To view this thread in it's original format and/or if you want to reply to
this thread please [click here]
| Author |
Strange Network Problem
|
|
|
|
I'm tearing my hair out with this one. The gateway machine to the outside
world periodically becomes inaccessible to some hosts on the lan.
This is the setup.
LAN -> switch -> gateway/firewall -> DMZ -> ADSL modem -> Internet
What happens is that hosts on the LAN sometimes get no response from the
gateway. These hosts can be Windows or Linux boxes.
The gateway is a Debian Sarge box with two nics. Eth0 is on the DMZ side,
eth1 is on the LAN side. Shorewall is configured as a nat firewall.
Every once in a while, hosts on the lan no longer see the gateway. They
can't ping it, can't get access through it. At the same time, other hosts
seem to see it okay. The problem will fix itself after a short period. It
can go for hours without a problem, and then become very flaky.

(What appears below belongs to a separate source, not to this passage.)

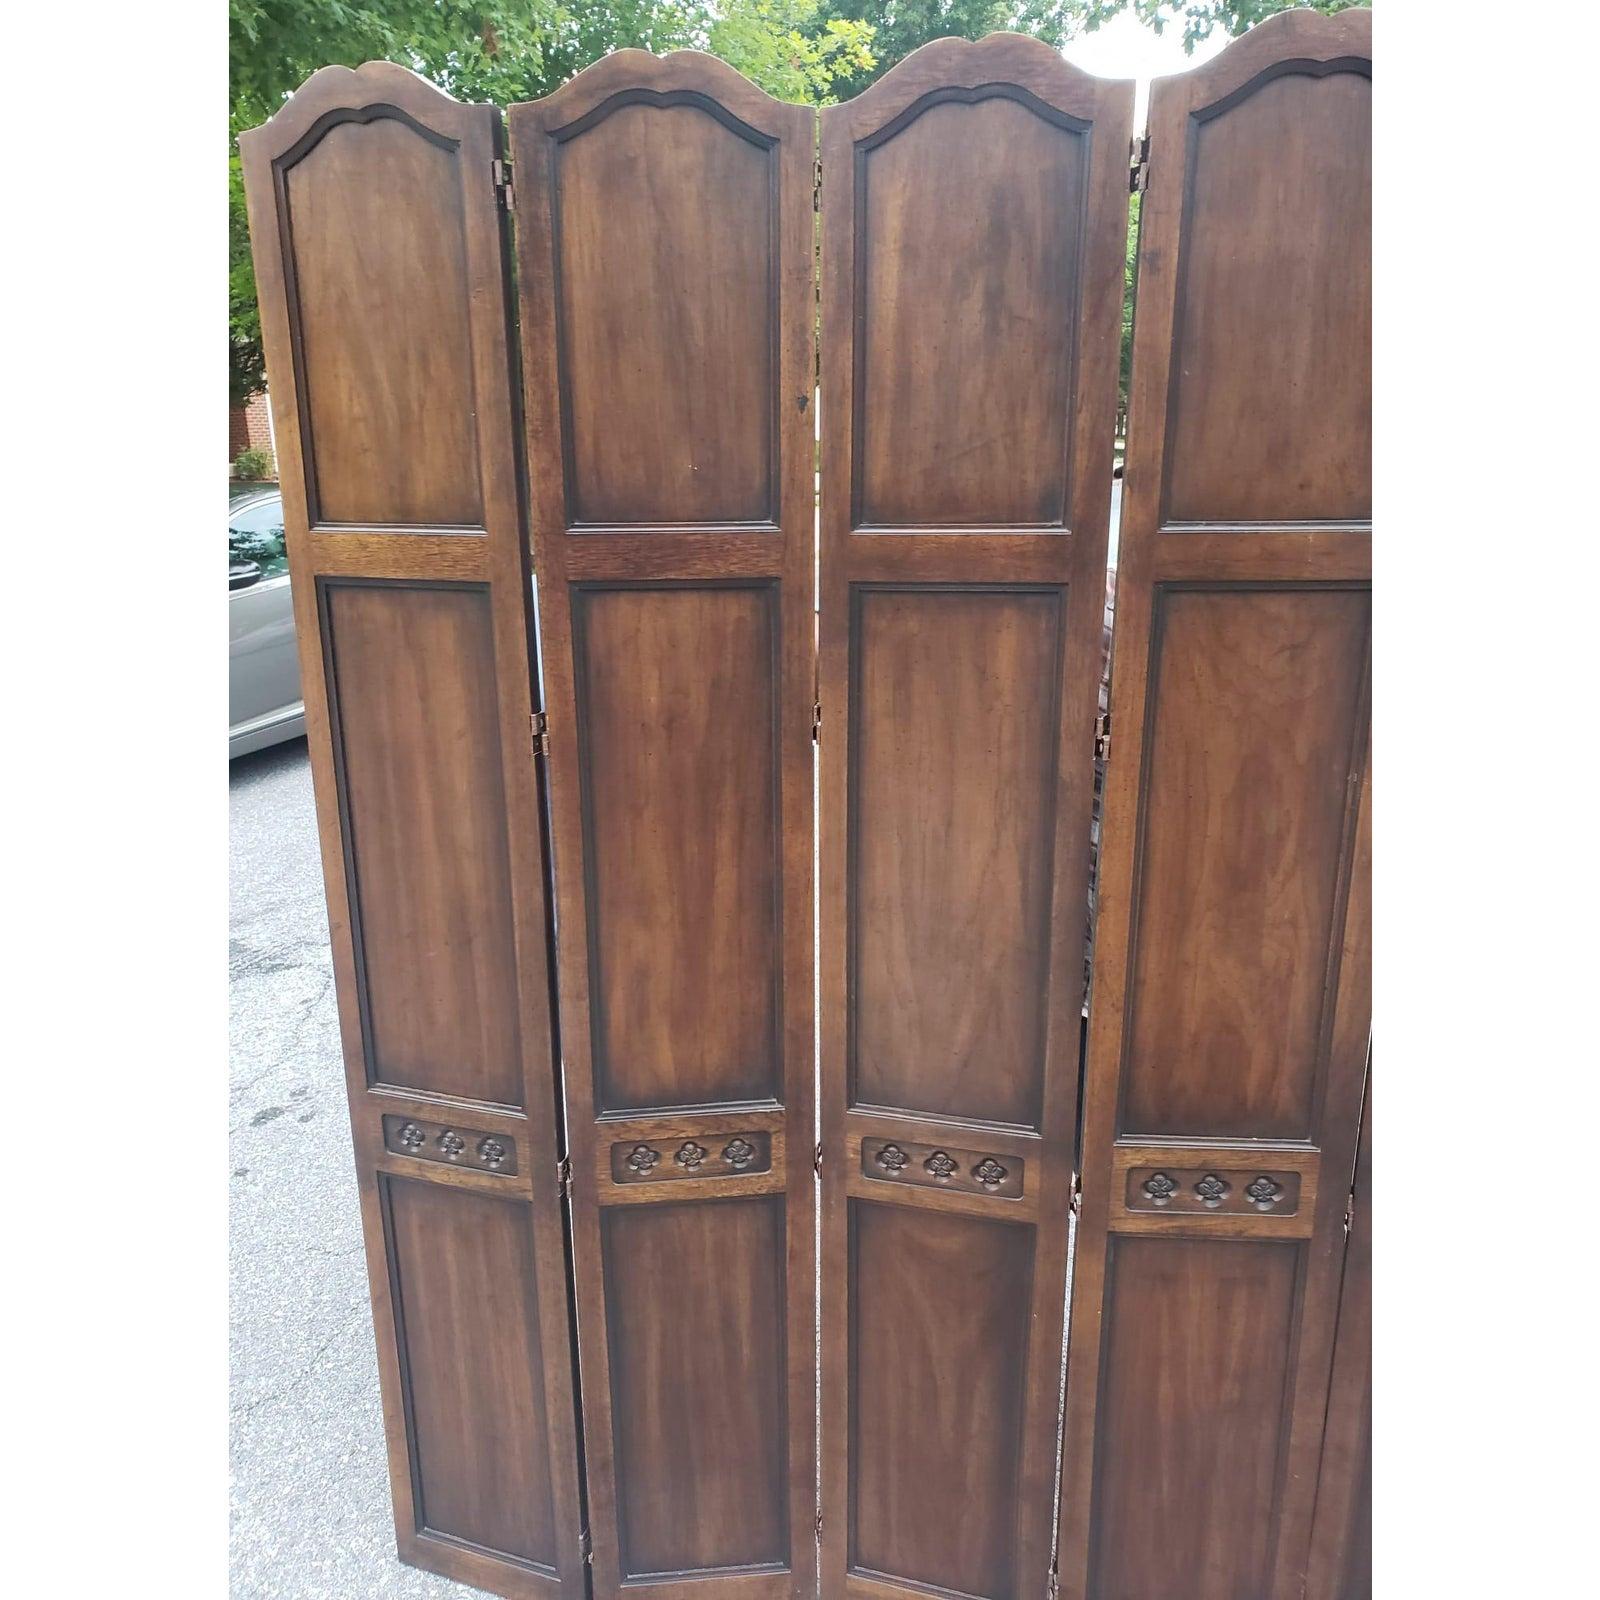 Carved solid walnut room divider in excellent condition. Comes in 5 panels with hinges. Each panel measures 60

If you do a disable followed by an enable on the ethernet adaptor from a
Windows box, the problem will fix itself. It seems that the gateway sees
the broadcast dhcp request and wakes up. (The dhcp and dns servers are on
another machine.)
I've changed almost everything that I could change. I've changed the nic
in the gateway, I've changed the gateway machine completely (with another
Debian box). I've replaced the switch. I've replaced the cable between
the switch and the gateway. I've replace Shorewall with a script file to
configure iptables. I've also disconnected some parts of the lan from the
switch. And I've followed all the cabling to make sure nothing is plugged
into the wrong spot.
I've had tcpdump or ethereal running on the gateway and other machines,
and there doesn't seem to be excessive traffic that could cause a problem,
or any other unexplained packets.
Everything seems to point to some configuration problem with the gateway.

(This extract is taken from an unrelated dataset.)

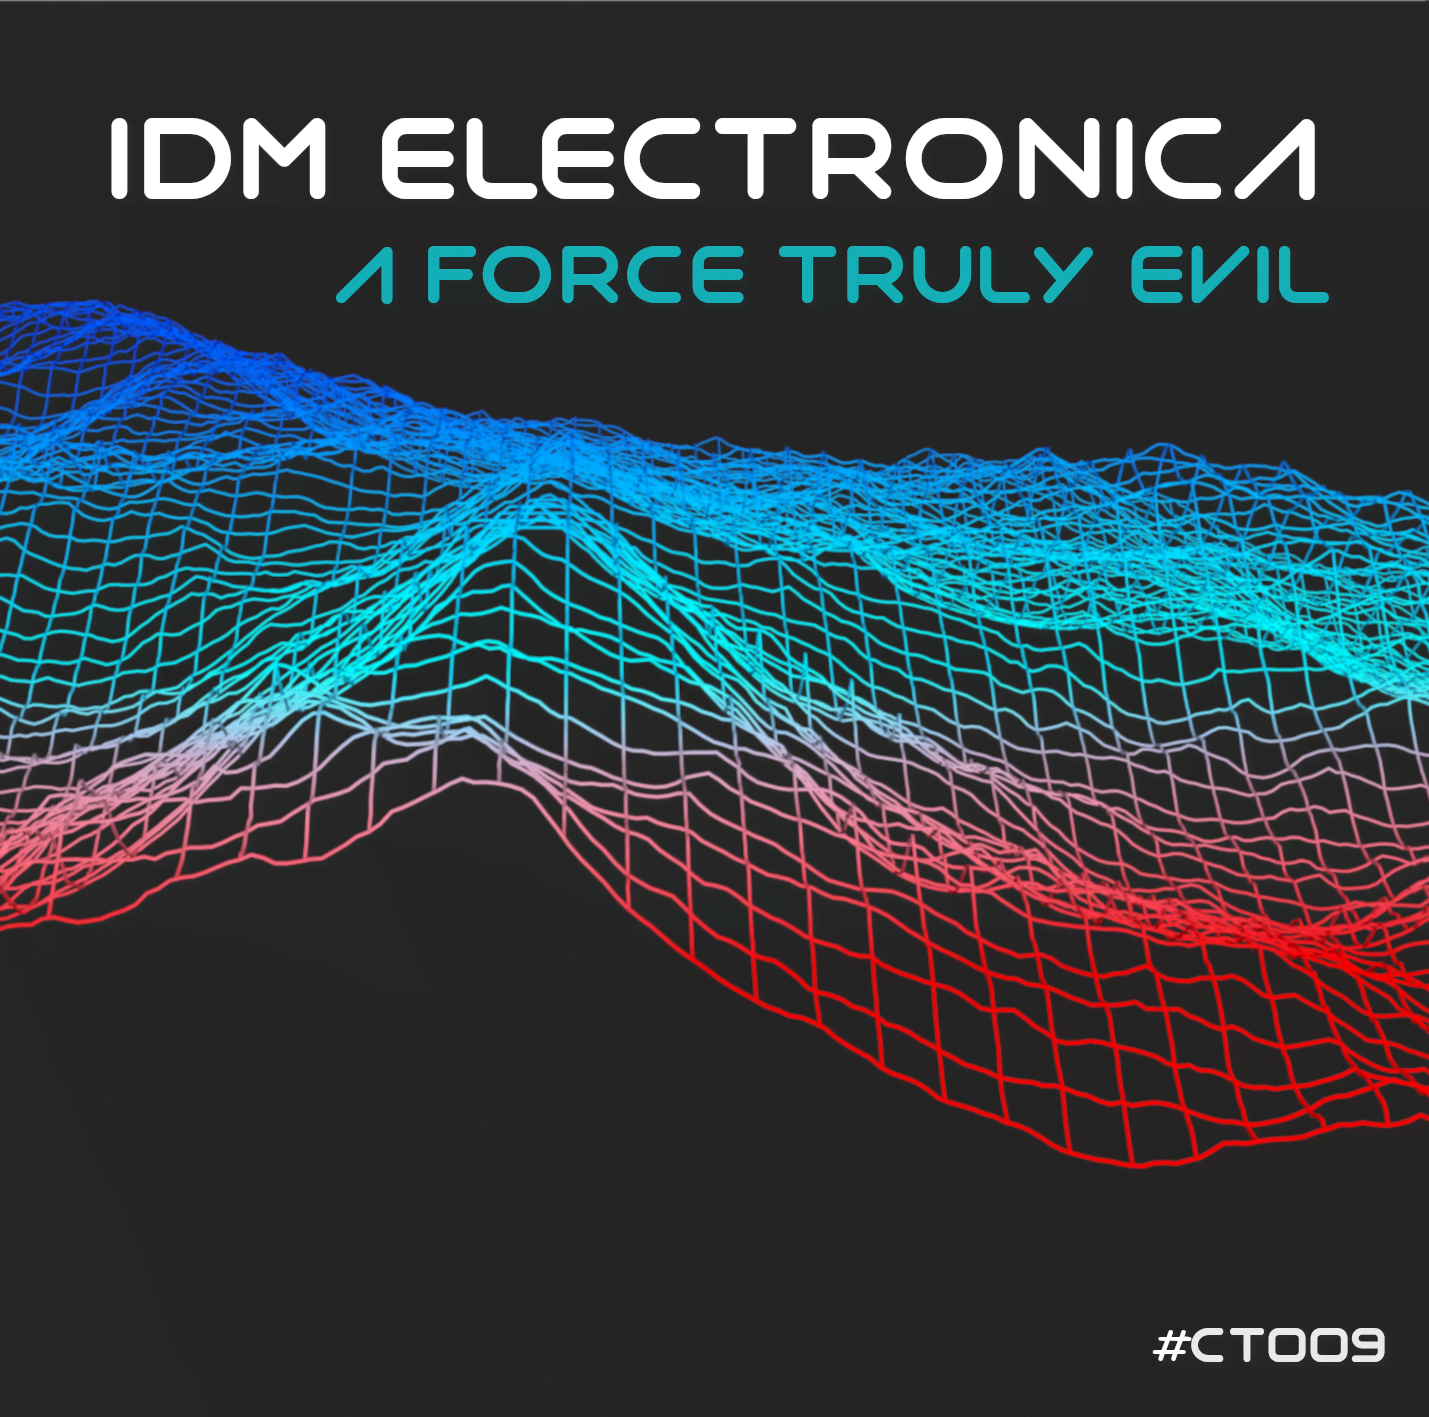 IDM Electronica Novation Circuit Tracks Pack by A Force truly Evil

But I've already tried replacing Shorewall with a script, so I don't think
it's there.
My interfaces file looks something like this.
auto lo
iface lo inet loopback
auto eth0
iface eth0 inet static
address 192.168.2.2
netmask 255.255.255.248
network 192.168.2.0
broadcast 192.168.2.255
gateway 192.168.2.1
auto eth1
iface eth1 inet static
address 192.168.1.1
netmask 255.255.255.0
network 192.168.1.0
broadcast 192.168.1.255
Hope someone can give me some ideas where to look next.
Dan
| |
| Snowbat 2006-04-28, 1:13 am |
| On Fri, 28 Apr 2006 10:51:55 +0800, Dan N wrote:
> auto eth0
> iface eth0 inet static
> address 192.168.2.2
> netmask 255.255.255.248
> network 192.168.2.0
> broadcast 192.168.2.255
> gateway 192.168.2.1
>
> auto eth1
> iface eth1 inet static
> address 192.168.1.1
> netmask 255.255.255.0
> network 192.168.1.0
> broadcast 192.168.1.255
Not sure if this relates to your problem but for eth0, either the
netmask or the broadcast address is incorrect.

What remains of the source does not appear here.